The name of a repository as evaluated by the authorization subsystem is derived directly from the repository's path. Exactly how this happens differs between the two server options. mod_dav_svn uses only the basename of the repository's root URL^[71], while svnserve uses the entire relative path from the serving root (as determined by its --root (-r) command-line option) to the repository.

Warning

The differences in the ways that a repository's name is determined by each of mod_dav_svn and svnserve can cause problems when trying to serve a repository via both servers simultaneously. Naturally, an administrator would prefer to point both servers' configurations toward a common access file. However, for this to work, you must ensure that the repository name portion of the file's section names are compatible with each server's idea of what the repository name should be—for example, by configuring svnserve's root to be the same as mod_dav_svn's configured SVNParentPath, or by using a different access file per repository so that section names needn't reference the repository at all.

If you're using the SVNParentPath directive, it's important to specify the repository names in your sections. If you omit them, a section such as [/some/dir] will match the path /some/dir in every repository. If you're using the SVNPath directive, however, it's fine to provide only paths in your sections—after all, there's only one repository.

Permissions are inherited from a path's parent directory. That means we can specify a subdirectory with a different access policy for Sally. Let's continue our previous example, and grant Sally write access to a child of the branch that she's otherwise permitted only to read:

[calc:/branches/calc/bug-142]
harry = rw
sally = r

# give sally write access only to the 'testing' subdir
[calc:/branches/calc/bug-142/testing]
sally = rw

Now Sally can write to the testing subdirectory of the branch, but can still only read other parts. Harry, meanwhile, continues to have complete read/write access to the whole branch.

It's also possible to explicitly deny permission to someone via inheritance rules, by setting the username variable to nothing:

[calc:/branches/calc/bug-142]
harry = rw
sally = r

[calc:/branches/calc/bug-142/secret]
harry =

In this example, Harry has read/write access to the entire bug-142 tree, but has absolutely no access at all to the secret subdirectory within it.

Tip

The thing to remember is that the most specific path always matches first. The server tries to match the path itself, and then the parent of the path, then the parent of that, and so on. The net effect is that mentioning a specific path in the access file will always override any permissions inherited from parent directories.

Similarly, sections that specify a repository name have precedence over those that don't: if both [calc:/some/path] and [/some/path] are present, the former will be used and the latter ignored for calc.
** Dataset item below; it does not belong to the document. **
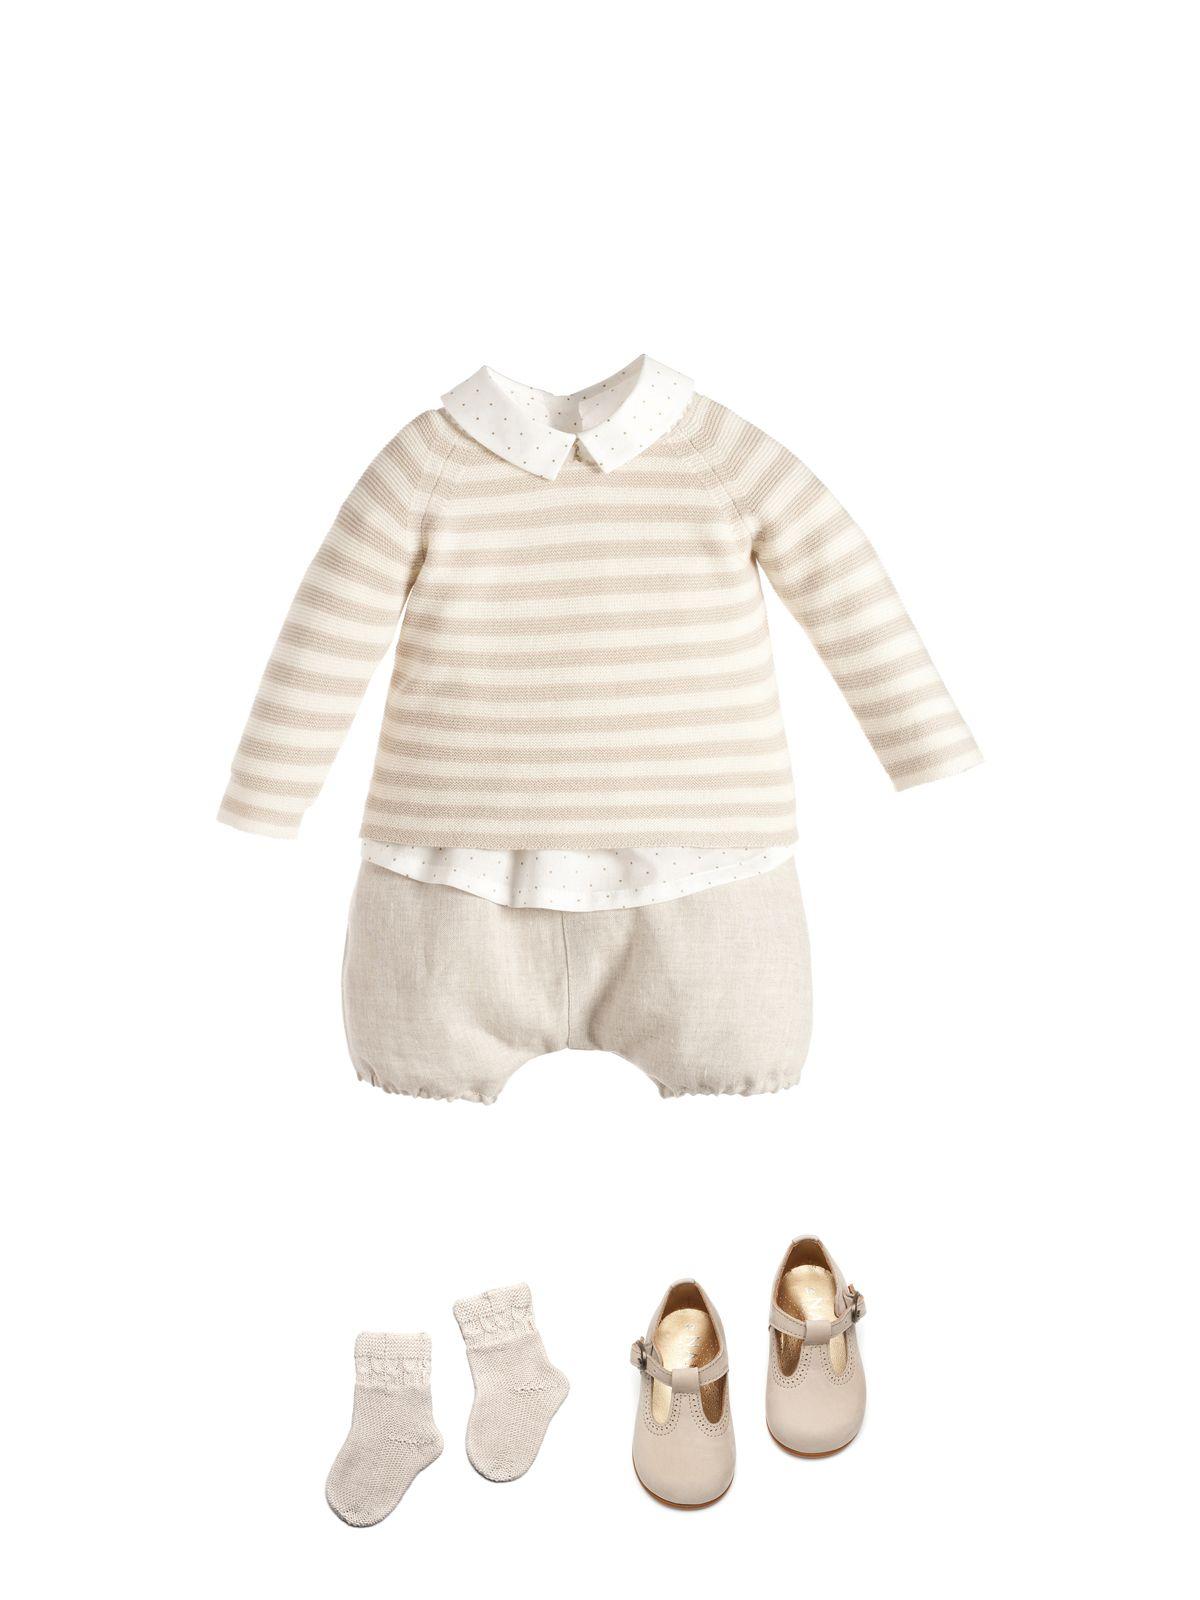 d37b506a9 NANOS SHOP ONLINE. Detalle Newborn Outfits

By default, nobody has any access to any repository at all. That means that if you're starting with an empty file, you'll probably want to give at least read permission to all users at the roots of the repositories. You can do this by using the asterisk variable (*), which means “all users”:

[/]
* = r

This is a common setup; notice that no repository name is mentioned in the section name. This makes all repositories world-readable to all users. Once all users have read access to the repositories, you can give explicit rw permission to certain users on specific subdirectories within specific repositories.

Note that while all of the previous examples use directories, that's only because defining access rules on directories is the most common case. You may similarly restrict access on file paths, too.

[calendar:/projects/calendar/manager.ics]
harry = rw
sally = r

Access Control Groups

The access file also allows you to define whole groups of users, much like the Unix /etc/group file. To do this, create a groups section in your access file, and then describe your groups within that section: each variable's name defines the name of the group, and its value is a comma-delimited list of usernames which are part of that group.

[groups]
calc-developers = harry, sally, joe
paint-developers = frank, sally, jane
everyone = harry, sally, joe, frank, jane

Groups can be granted access control just like users. Distinguish them with an “at sign” (@) prefix:

[calc:/projects/calc]
@calc-developers = rw

[paint:/projects/paint]
jane = r
@paint-developers = rw

Another important fact is that group permissions are not overridden by individual user permissions. Rather, the combination of all matching permissions is granted. In the prior example, Jane is a member of the paint-developers group, which has read/write access. Combined with the jane = r rule, this still gives Jane read/write access. Permissions for group members can only be extended beyond the permissions the group already has. Restricting users who are part of a group to less than their group's permissions is impossible.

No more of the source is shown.